Donald Trump
US President Donald Trump speaks to the staff at the Department of Homeland Security in Washington, DC Nicholas Kamm/AFP

Every week under President Donald Trump the US will publish a list of crimes committed by foreigners.

The plan is laid out in one of two executive orders on immigration that Trump signed on Wednesday (25 January) in efforts to crack down on those living in the US illegally. The order also advances plans to build a wall along the US-Mexican border, and block immigrants from seven Middle Eastern, Muslim countries.

The announcement of the crime bulletin was tucked into one of the 18 sections of the Border Security and Immigration Enforcement Improvements executive order. It constitutes one of Trump's signature promises during the US presidential campaign. It also targets what are known as "sanctuary cities" where police and authorities leave immigration enforcement to federal officials.

"To better inform the public regarding the public safety threats associated with sanctuary jurisdictions," the order reads, the government will publish "a comprehensive list of criminal actions committed by aliens and any jurisdiction that ignored or otherwise failed to honour any detainers with respect to such aliens" every week.

In the past Trump has threatened to cut off funding to local police who did not work to enforce federal law when dealing with people who were undocumented immigrants. Police forces across the country argued that it was not their job to take over the role of US Immigration and Customs Enforcement (ICE). If they did, they said, it would become more difficult to solve crimes as illegal immigrants who had been harmed in a crime, or witnessed one, would be reluctant to come forward.

The new executive order states police will still be able to get federal funding through the attorney general and secretary of homeland security, but that any town or city that fails to share information about the immigration status of people living there will have its funding cut off.

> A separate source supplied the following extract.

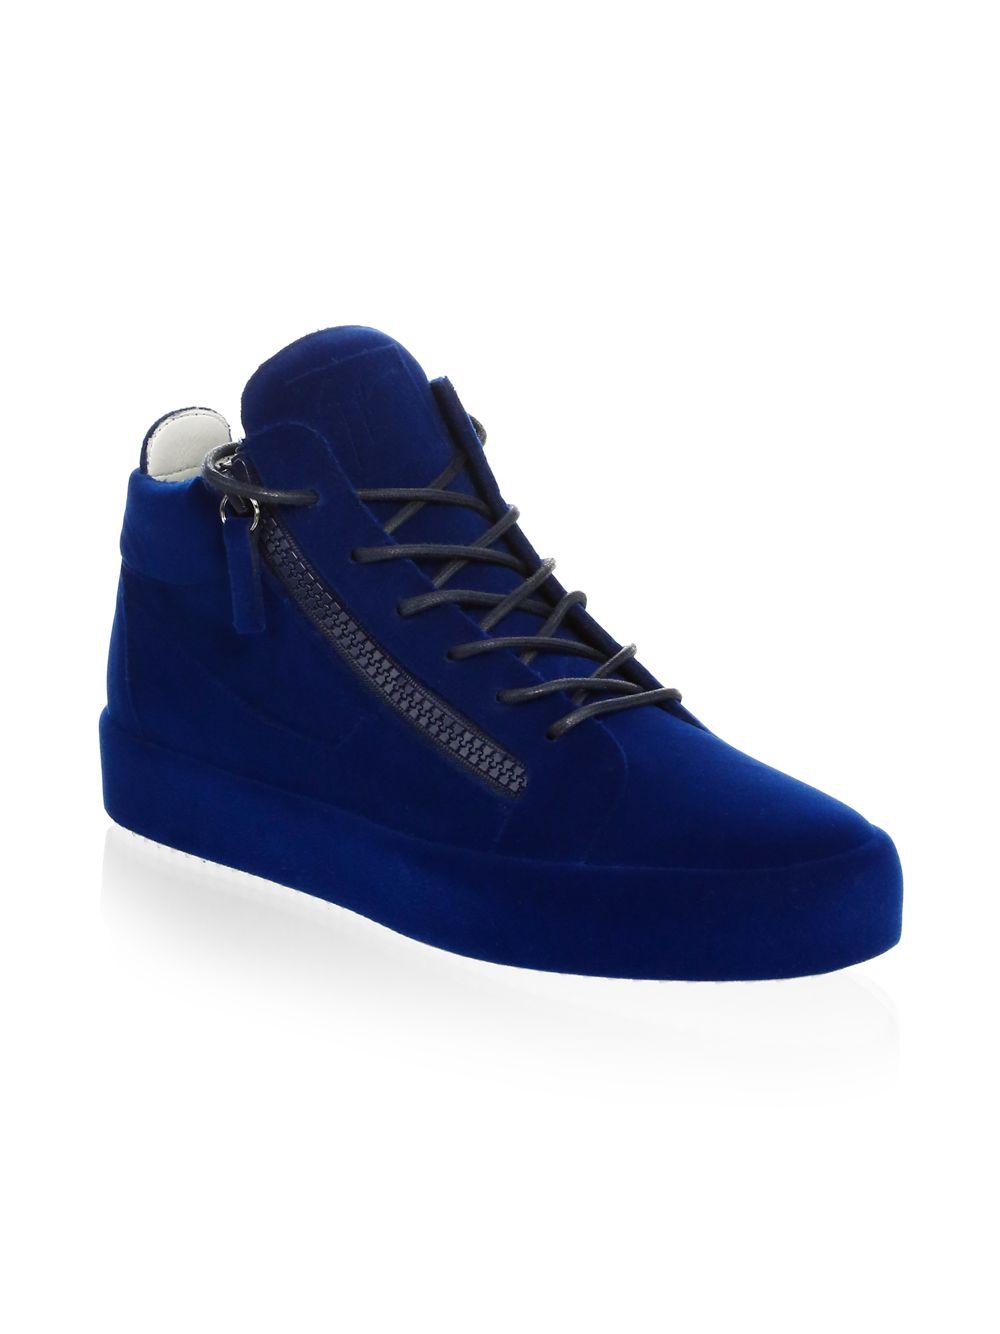 Giuseppe Zanotti Velvet Spray Sneakers Blue for Men - Lyst

"New Yorkers understand diversity is strength and we are a nation of immigrants," said New York Rep. Nydia M. Velázquez in response to the order. "Our City will not be bullied into being accomplices in policies that create fear in immigrant communities."

"The two executive orders signed today by President Trump won't help fix our immigration system," said Senator Dianne Feinstein (D-Calif.) the high-ranking Democrat on the Senate Judiciary Committee. "What we need is comprehensive immigration reform. The Senate passed a bipartisan bill in 2013 and we need to do so again."